If we trust God in the middle of the trial, God will do His work of peeling back the glossy layers of our carefully crafted veneer finishes and show us our underlying “false morality” (doing wrong things we think are entitled to do or doing morally right things for the wrong reasons). He exposes the whole underworld and starts remodeling what needs to be remade.

So, when the bottom falls out, remember that God is HERE and near you and if you will just esteem Him as worthy in those hard, tender moments, and respond for His glory, if you will just trust Him and submit to His Word, even when it’s hard, He will give you the victory, and you will give Him the glory, and you’ll not be adding more sin and evil to this already broken world. You will have made a difference.

For Further Reflection:

When you find yourself struggling with sin, remember that God has empowered you to choose right. We have everything we need for life and godliness. God will give us grace if we repent. BUT, if we harden our heart to sin, and dig in our heels with defiance, we will begin to accept behavior in our own life that we know is wrong. Sin committed without grief and without repentance is the road to compromise and error.

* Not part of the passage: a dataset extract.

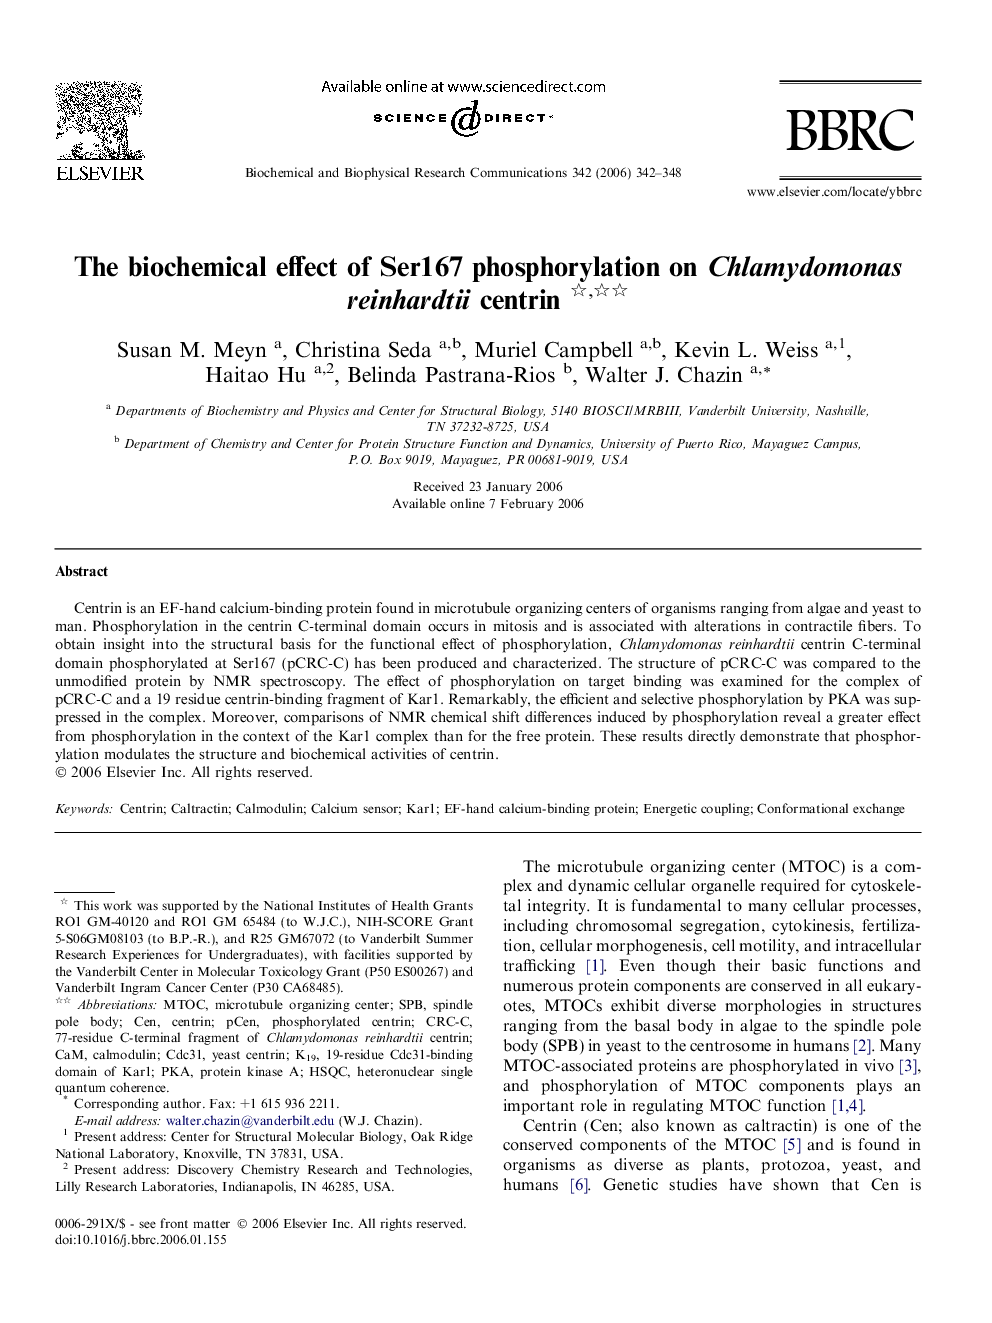 The biochemical effect of Ser167 phosphorylation on Chlamydomonas reinhardtii centrin

When you find yourself acting in pride by raising your fist in defiance to the Word of God, sinning and not caring, remember that you are summoning God’s resistance of you. He can’t stand and won’t stand your pride. When you humble yourself, God’s grace will rush in.

If you sin. (I John 1:9)

  • Confess. Tell God what you’ve done.
  • Repent. Ask God to give you a clean heart.
  • Pray that you would no longer tolerate sin by God’s grace. Pray for grace moment by moment and to be faithful to God even when you are struggling.
  • Repair. Make it right with the person you did evil to.
  • Renew your mind by holding Scripture in front of you. Focus on the attributes of God and the beauty of what true goodness looks like.
  • Withdraw from people who practice the sin you are trying to forsake. Don’t befriend people who are walking “disorderly” (2 Thes.) and aren’t holding themselves accountable.
  • Do the next right thing especially when you don’t feel like it.

What will it take for you to walk as Christ has commanded? Have you knowingly compromised in your life? What will you have to say no to? Yes to? What will you have to put off? What virtue must you put on? Who do you need to love? Forgive?